(DATASET EXCERPT):
▼
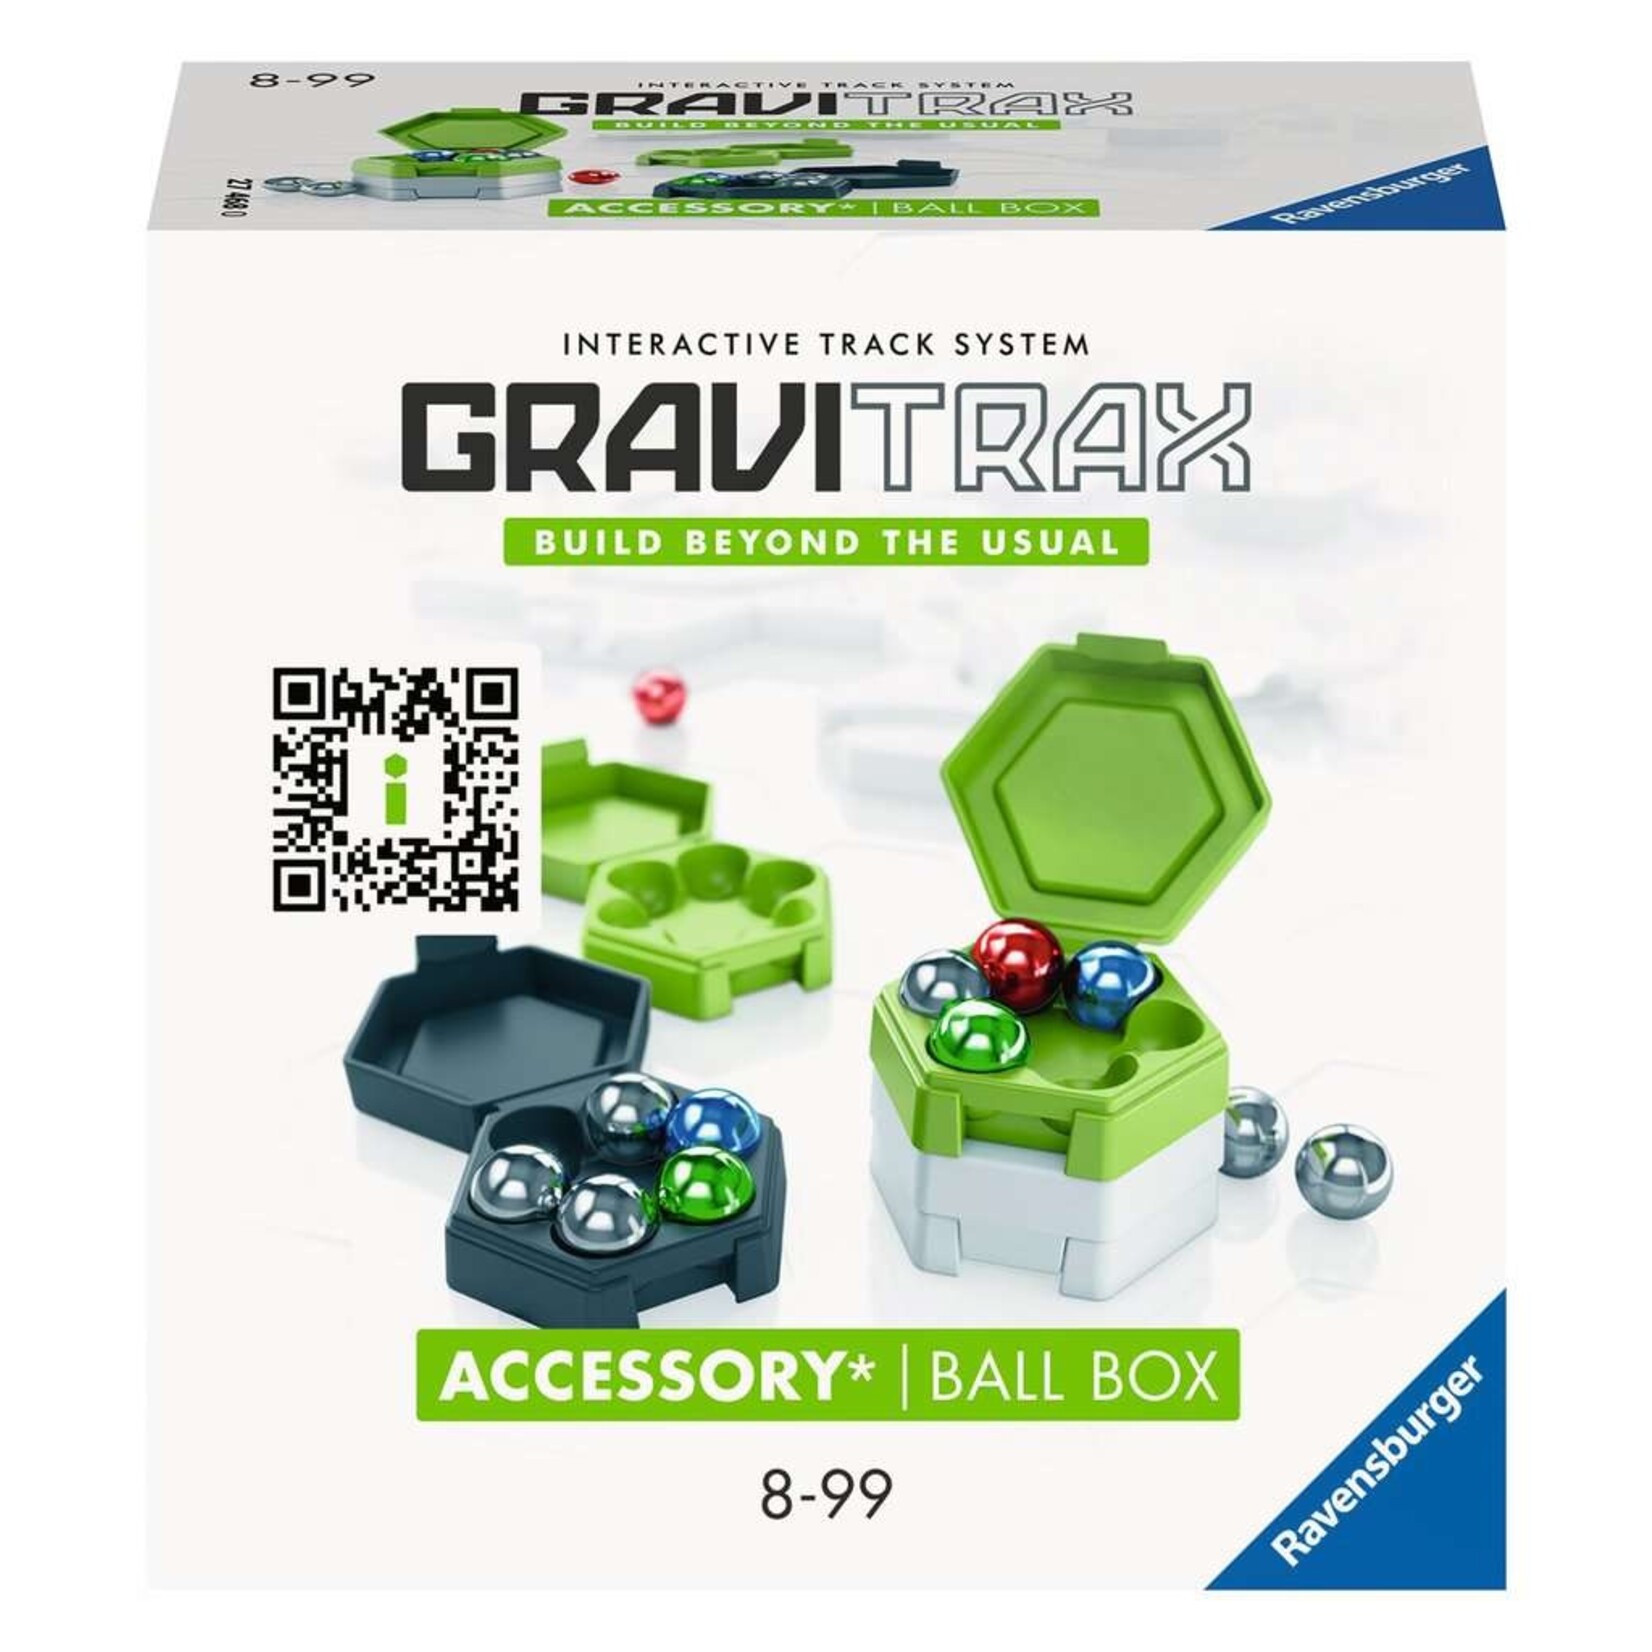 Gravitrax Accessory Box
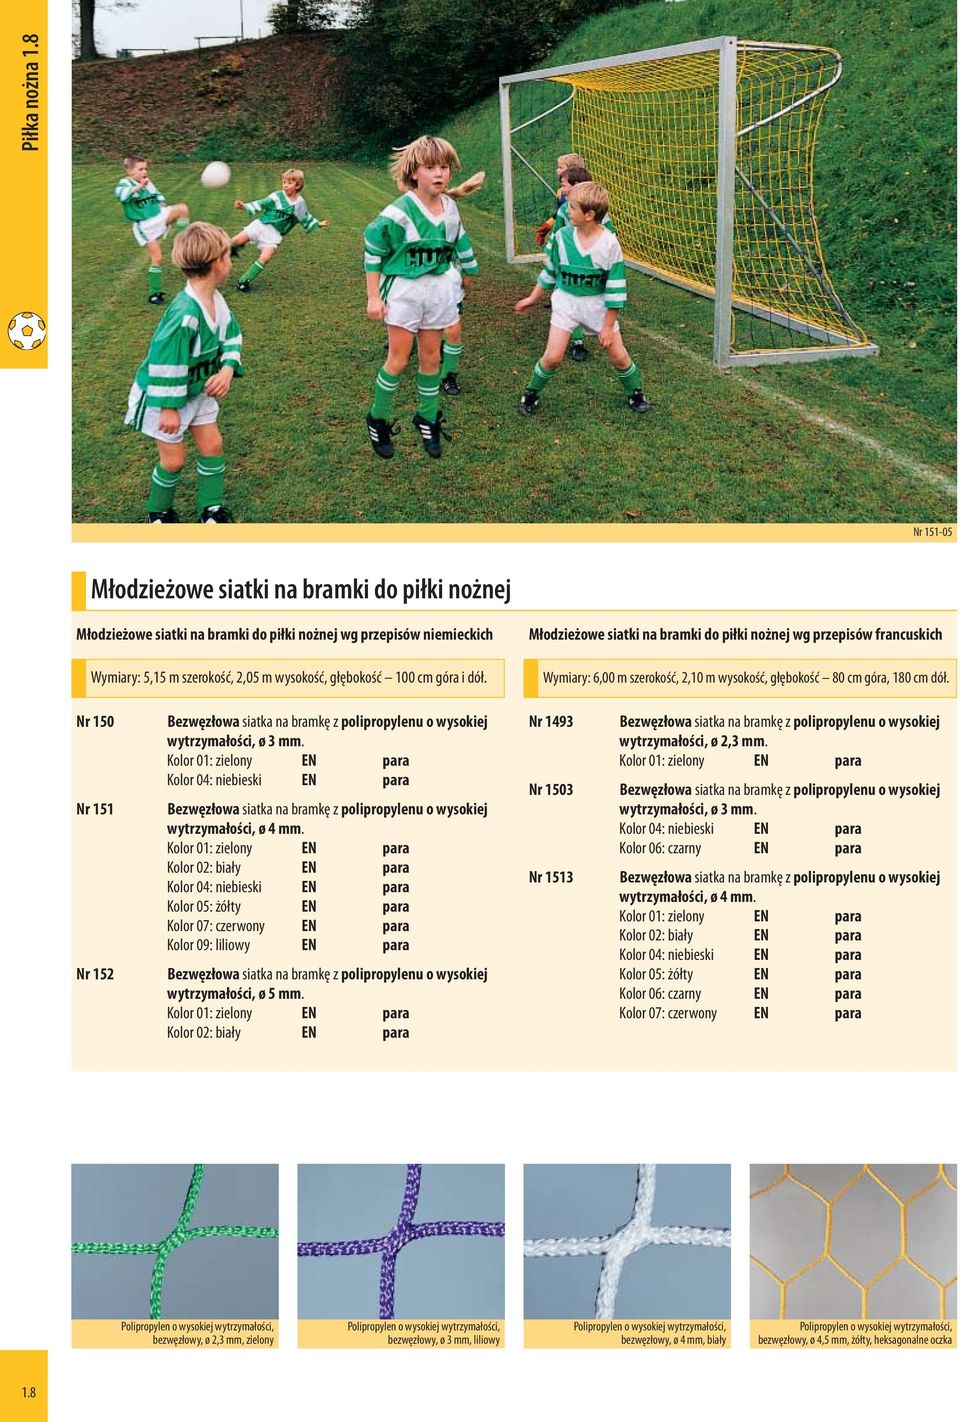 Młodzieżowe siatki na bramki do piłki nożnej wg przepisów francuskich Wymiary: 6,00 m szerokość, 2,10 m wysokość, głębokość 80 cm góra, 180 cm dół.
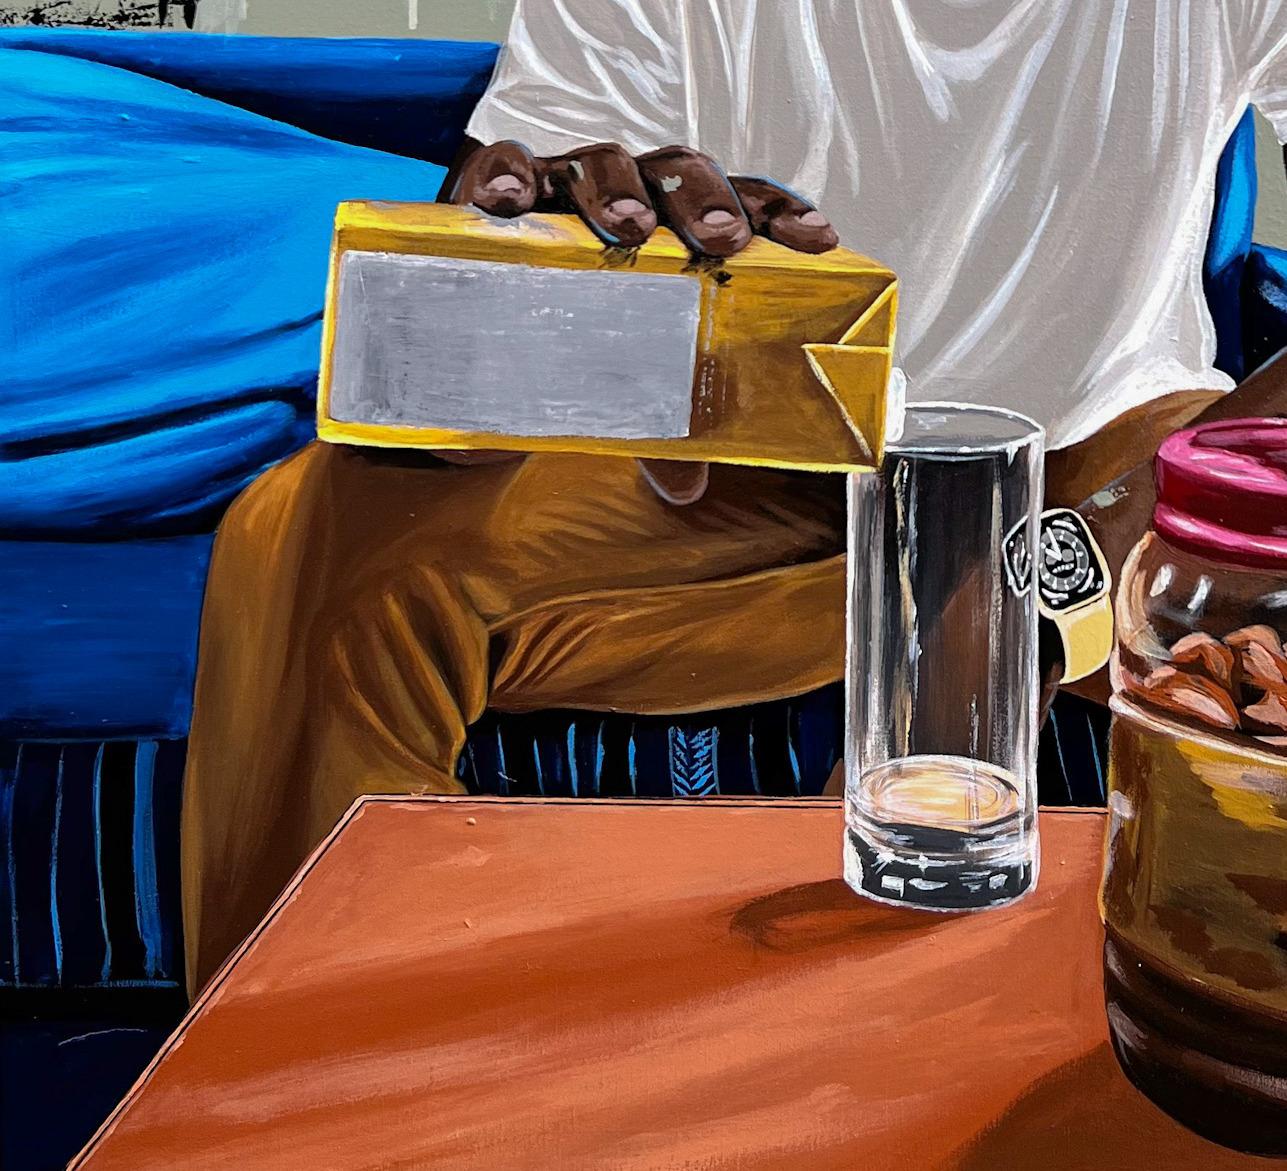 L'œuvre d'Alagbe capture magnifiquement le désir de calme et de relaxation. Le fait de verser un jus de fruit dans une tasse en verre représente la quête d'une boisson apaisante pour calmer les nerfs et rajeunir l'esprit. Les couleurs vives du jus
▲
(EXERCISE OBJECTIVE):
All lines from the beginning of the material above through the line holding "Młodzieżowe siatki na" are to be given again exactly, and no others; pictures do not go in.

(ANSWER TO THE EXERCISE):
 Gravitrax Accessory Box
 Młodzieżowe siatki na bramki do piłki nożnej wg przepisów francuskich Wymiary: 6,00 m szerokość, 2,10 m wysokość, głębokość 80 cm góra, 180 cm dół.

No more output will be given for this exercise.